DETAILED DESCRIPTION
[0039] In the exemplary embodiment of the inventive processor which
is shown in FIG. 1, it is possible to see a plurality of control
units CU1, . . . , CUN which are firstly connected to third
components (as indicated by arrows above the respective control
unit) and are secondly connected to a central control unit CCU, as
indicated by a double-headed arrow below the respective control
unit. The central control unit CCU, for its part, is connected to a
reconfigurable hardware unit RFU (Reconfigurable Functional Unit),
which is likewise indicated by a double-headed arrow. In this
context, the arrow tips respectively show the direction in which a
flow of information can take place.
[0040] The individual control units CU1, . . . , CUN may all be of
a different type, but at least two control units are of a different
type. The meaning intended for the labels "of a different type" in
this context is already explained in detail further above. The
control units may thus be of the type FD, as-FD, as-HW or r-HW, for
example, specifically in any combinations in principle.

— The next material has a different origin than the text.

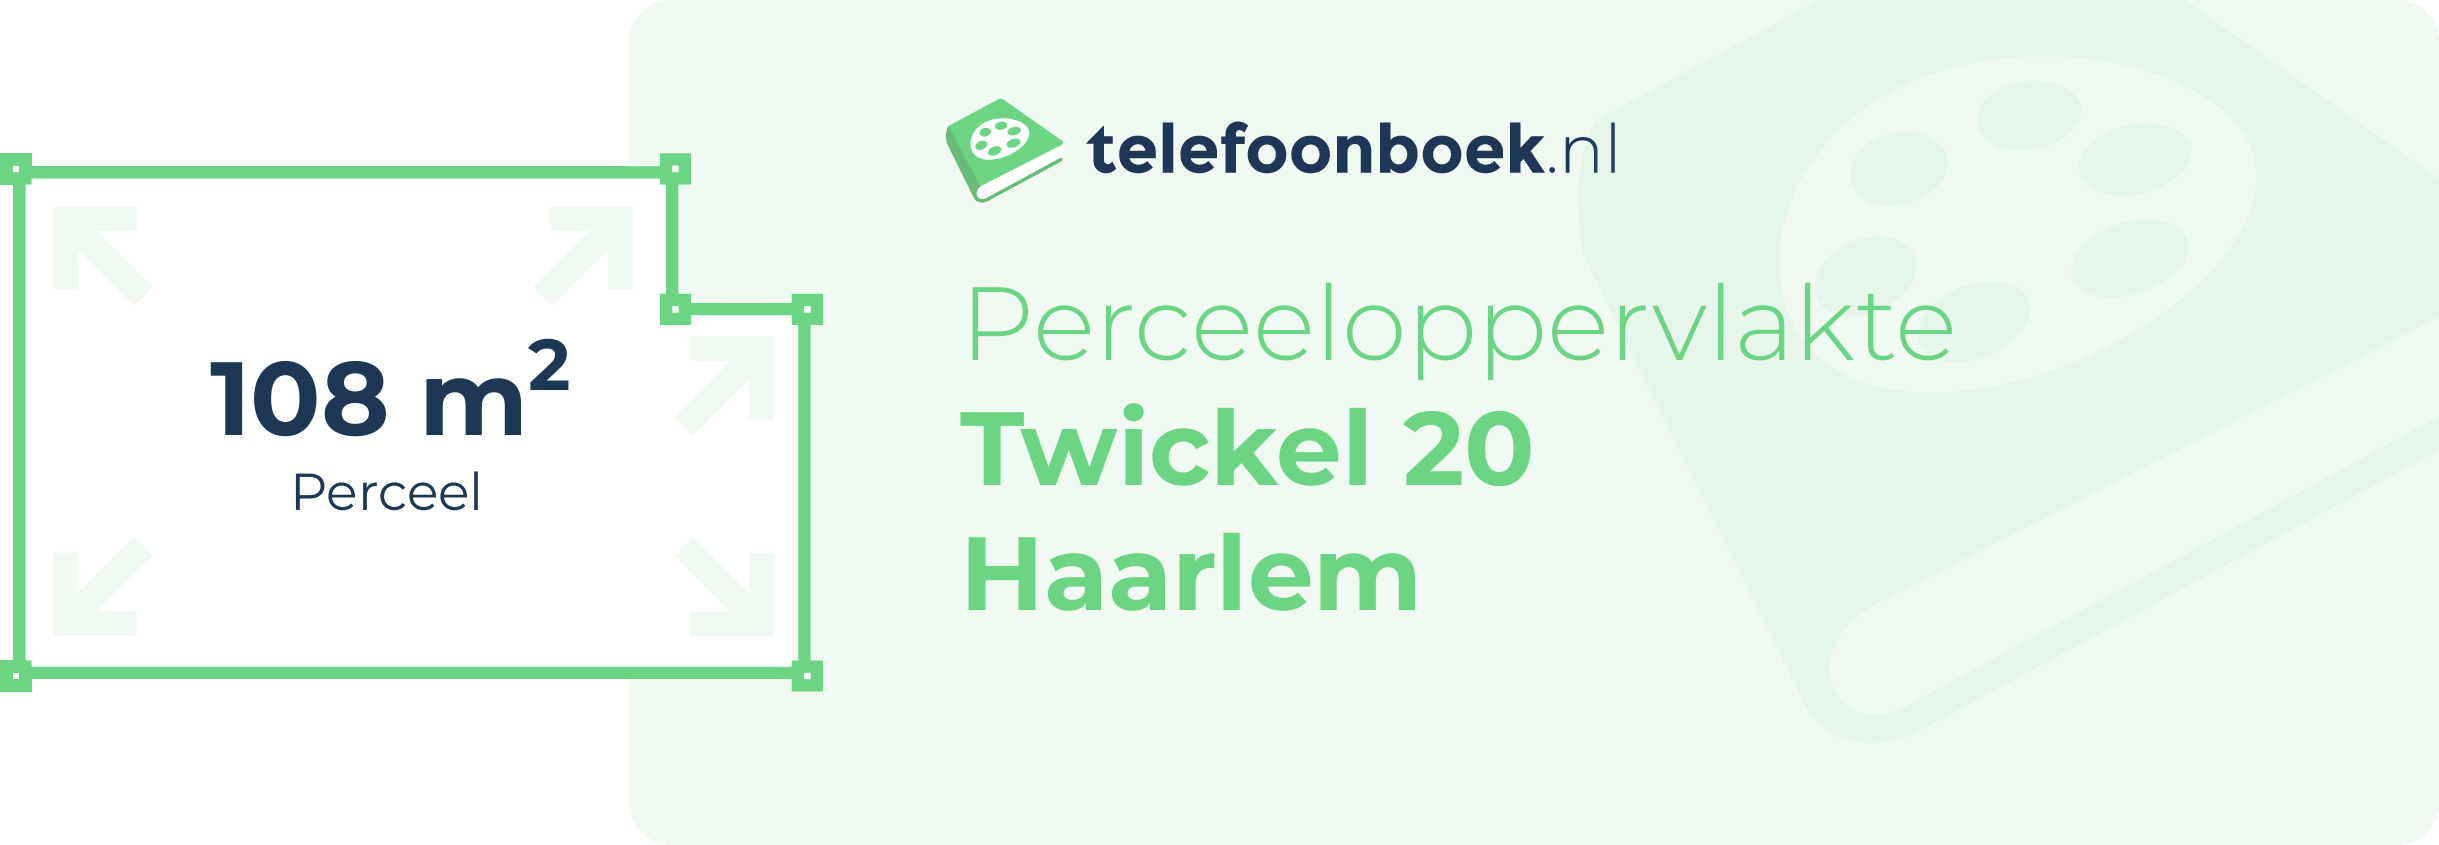 Perceeloppervlakte Twickel 20 Haarlem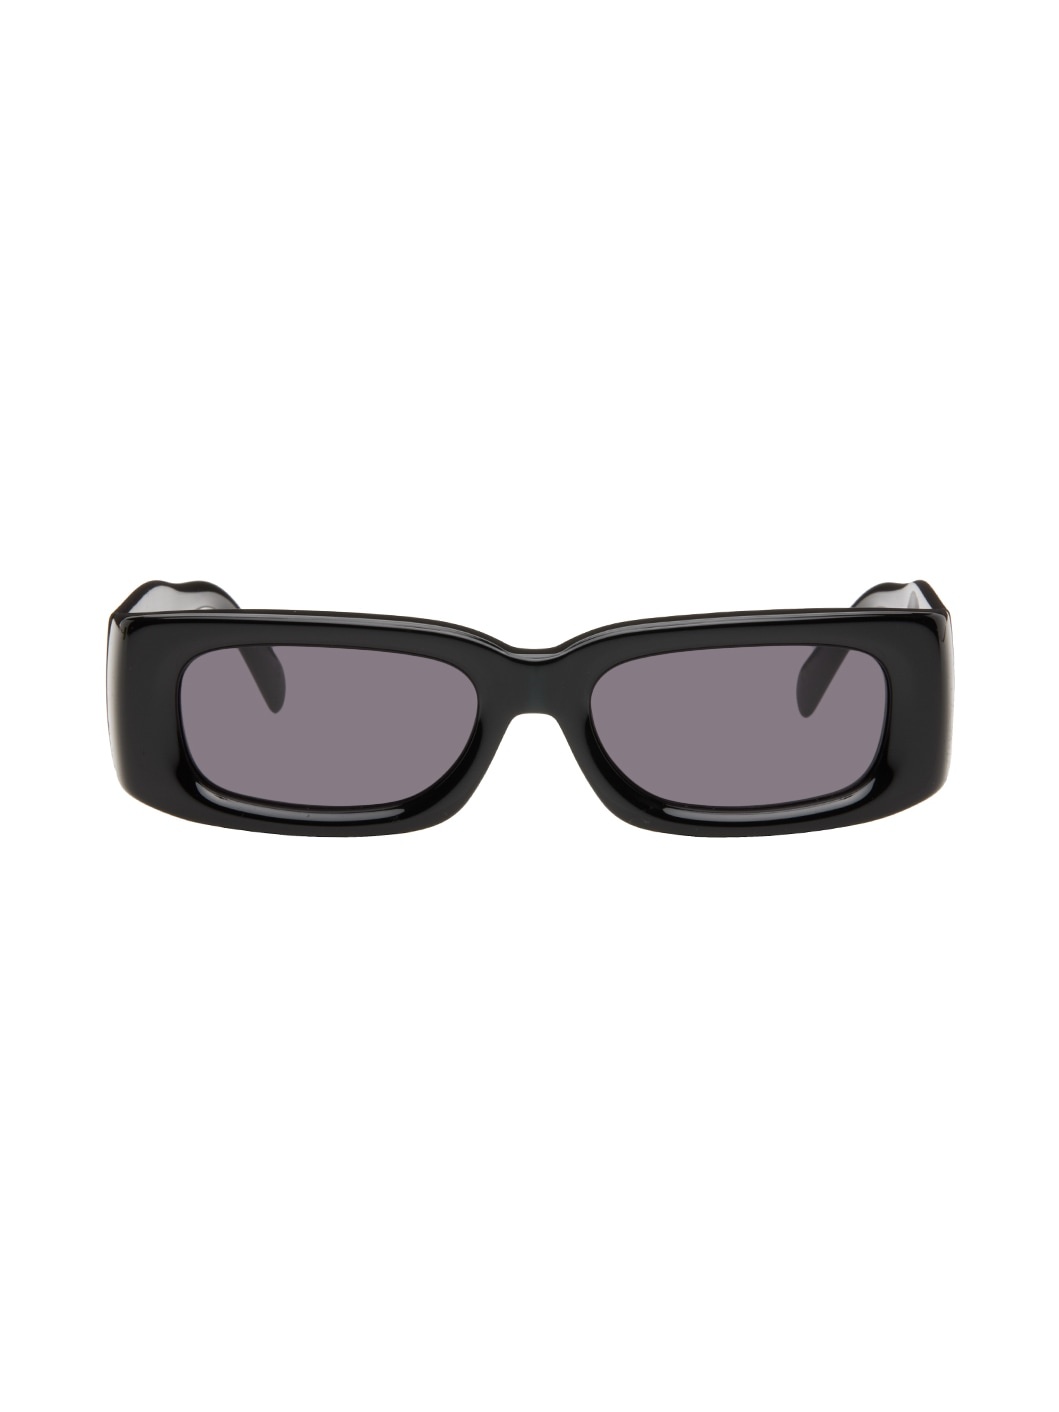 Black 1994 Sunglasses - 1

[0041] During the course of execution of the tasks of an algorithm,
the individual tasks can be transferred to the various control
units CU1, . . . , CUN, which can then access the hardware
resources of the RFU under the control of the central controller
CCU. In this case, the hardware resources of the RFU may, in
principle, be used by all control units CU1, . . . , CUN, which is
why they are "common" hardware resources. The central controller
CCU may in this case additionally be connected to external
interfaces, which is indicated by arrows arranged at the side, for
example in order to allow the interfaces to be used during an
operating cycle (clock cycle) to write data to memory blocks in the
RFU which are not currently being used by the control units.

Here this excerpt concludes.